That paper on the crystal is only 10 months old so not surprising it has not come up before. My brief survey suggests a good general annotation here might be "carbohydrate acetyltransferase" but that would need more work to provide more evidence to have the term added to the approved list. Since both domains in this protein appear to both be related to acetyltransferases of two different types I would think "acetyltransferase" is a good match from the options on the current approved terms list.
| posted 04 May, 2021 20:35
Hi Beckie-

The HHPred hits support your observations of an acetyltransferase domain linked via a series of transmembrane domains to the SGNH domains. I found an article (https://mbio.asm.org/content/11/4/e01364-20)"Acetylation of Surface Carbohydrates in Bacterial Pathogens Requires Coordinated Action of a Two-Domain Membrane-Bound Acyltransferase" describing AT3, and one class seems to fit what you described here: "Among bacterial AT3 carbohydrate acetyltransferases, there are two known domain architectures, proteins consisting of an AT3 domain only (AT3-only) and an N-terminal AT3 domain linked to an extracytoplasmic domain, commonly an SGNH domain (AT3-SGNH fused). The SGNH domain is fused through addition of an 11th TMH and linking region."

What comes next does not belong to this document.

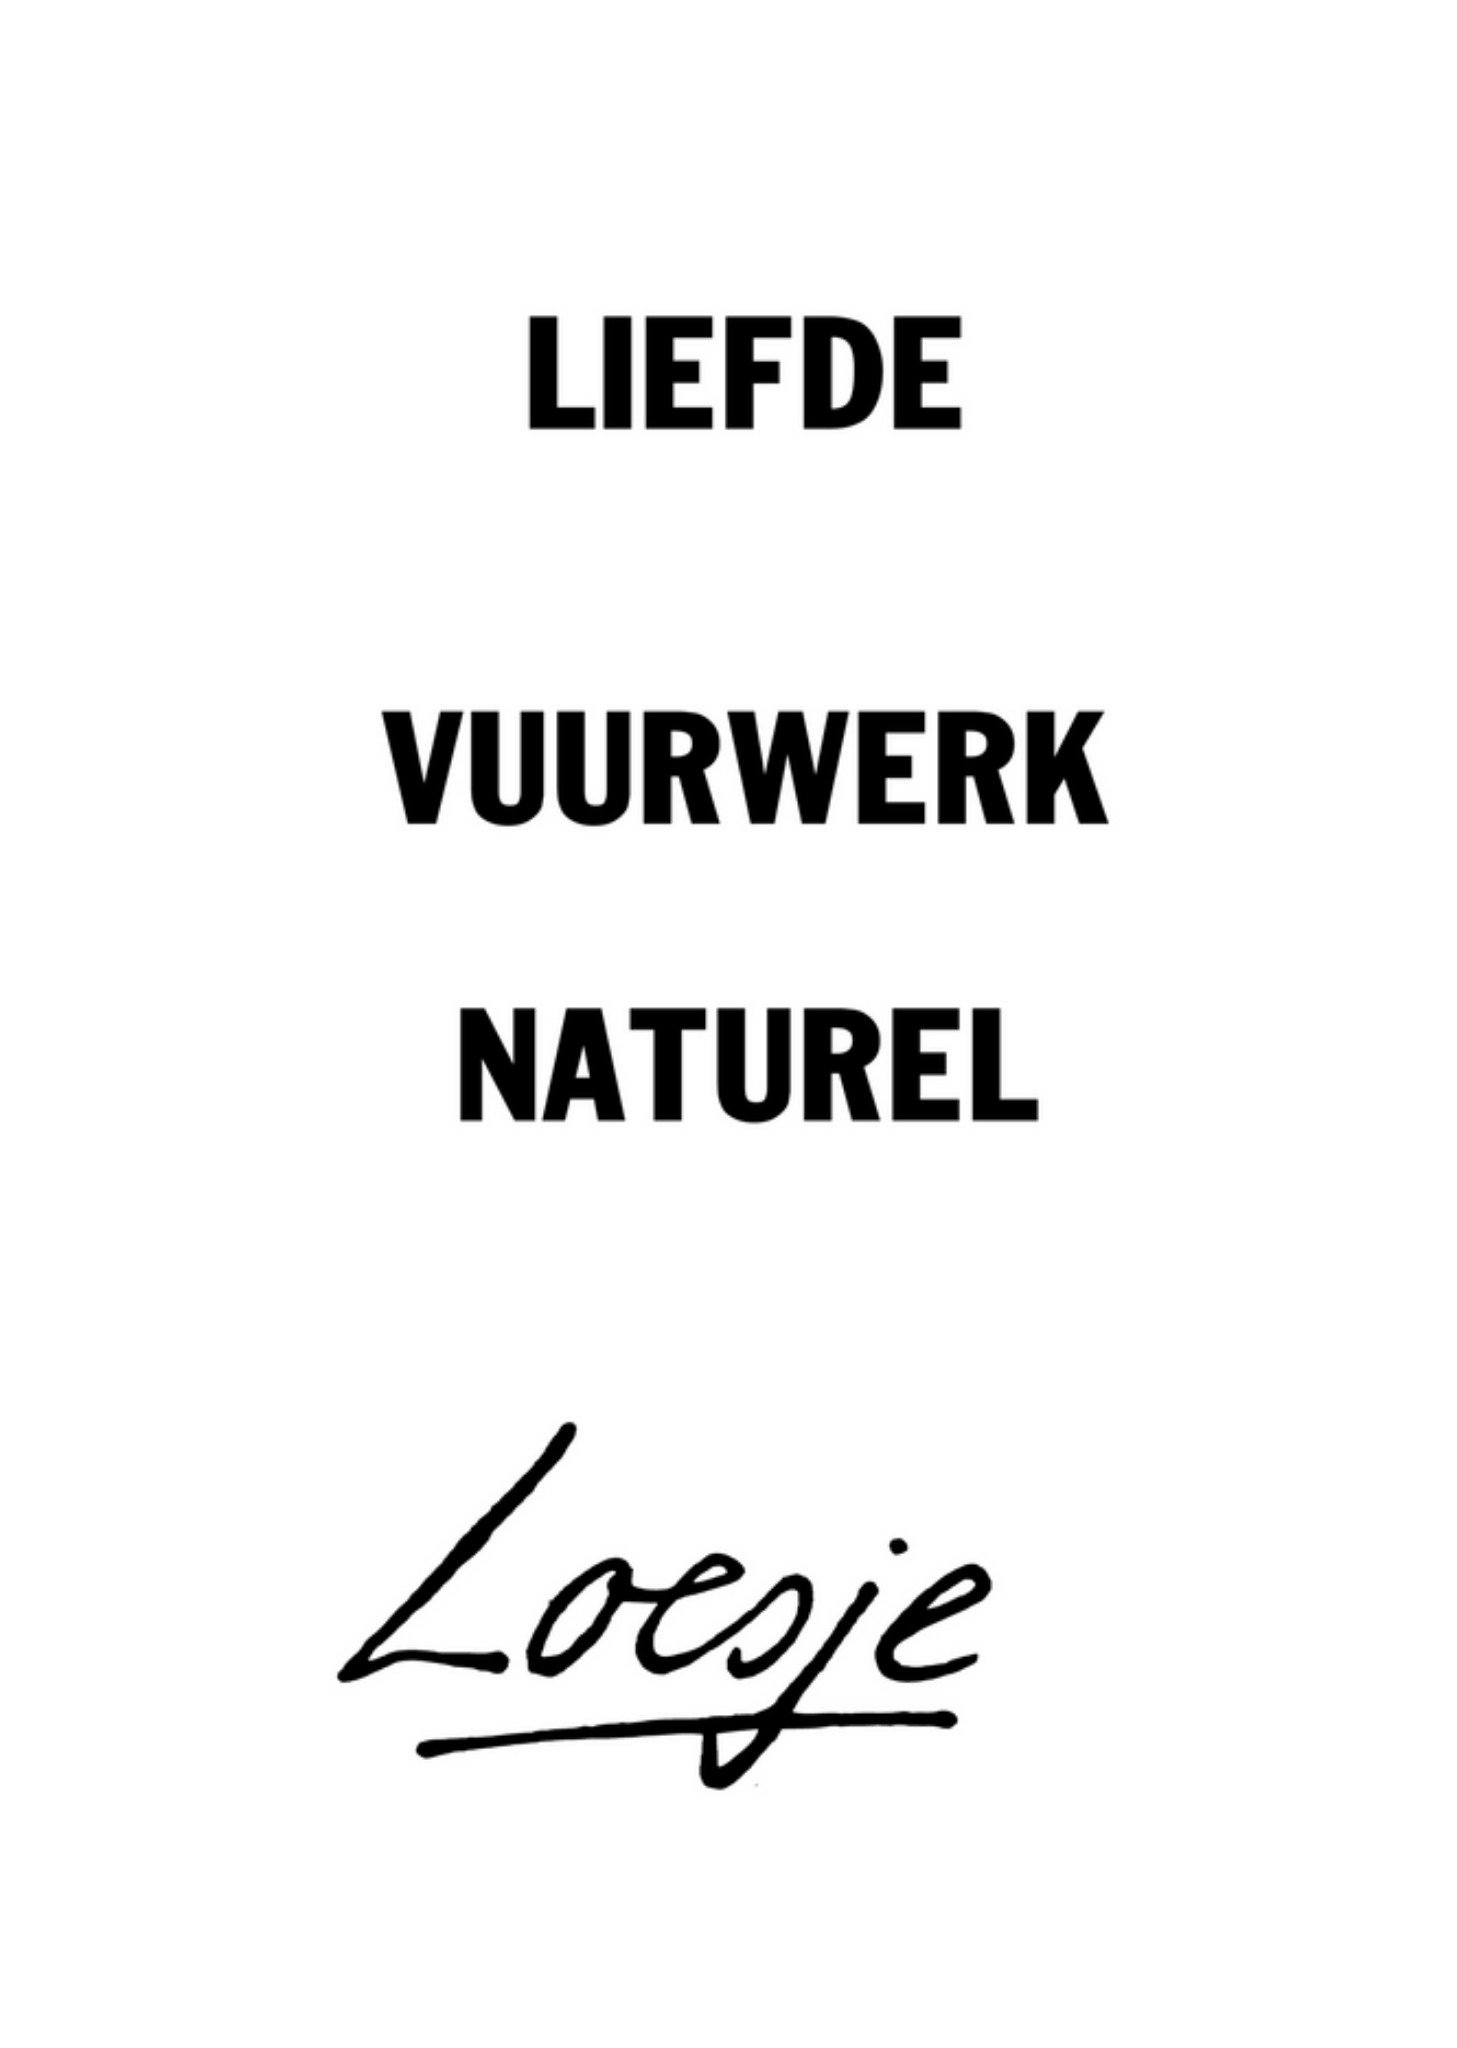 Loesje - Quote - Liefde - Naturel

There is a conserved motif (GG-F/Y-XGV-D/P/V) found in a diverse set of these proteins from Gram pos and neg bacteria within the AT3 domain. I downloaded the same sequences that contained both domains from the paper and repeated their T-coffee alignment (attached. LonelyBoi does contain this motif, but the first letter is A not G. Otherwise it is identical to the rest of the group. Other conserved residues based on OafA (WP_000639473.1) are S112, N113, and Y122. LonelyBoi does contain these conserved residues based on the alignment to OafA.

In the SGNH domain, the following residues are conserved using OafA as the reference: G409, D 410, S411. LonelyBoi contains these residues in the same area in the alignment.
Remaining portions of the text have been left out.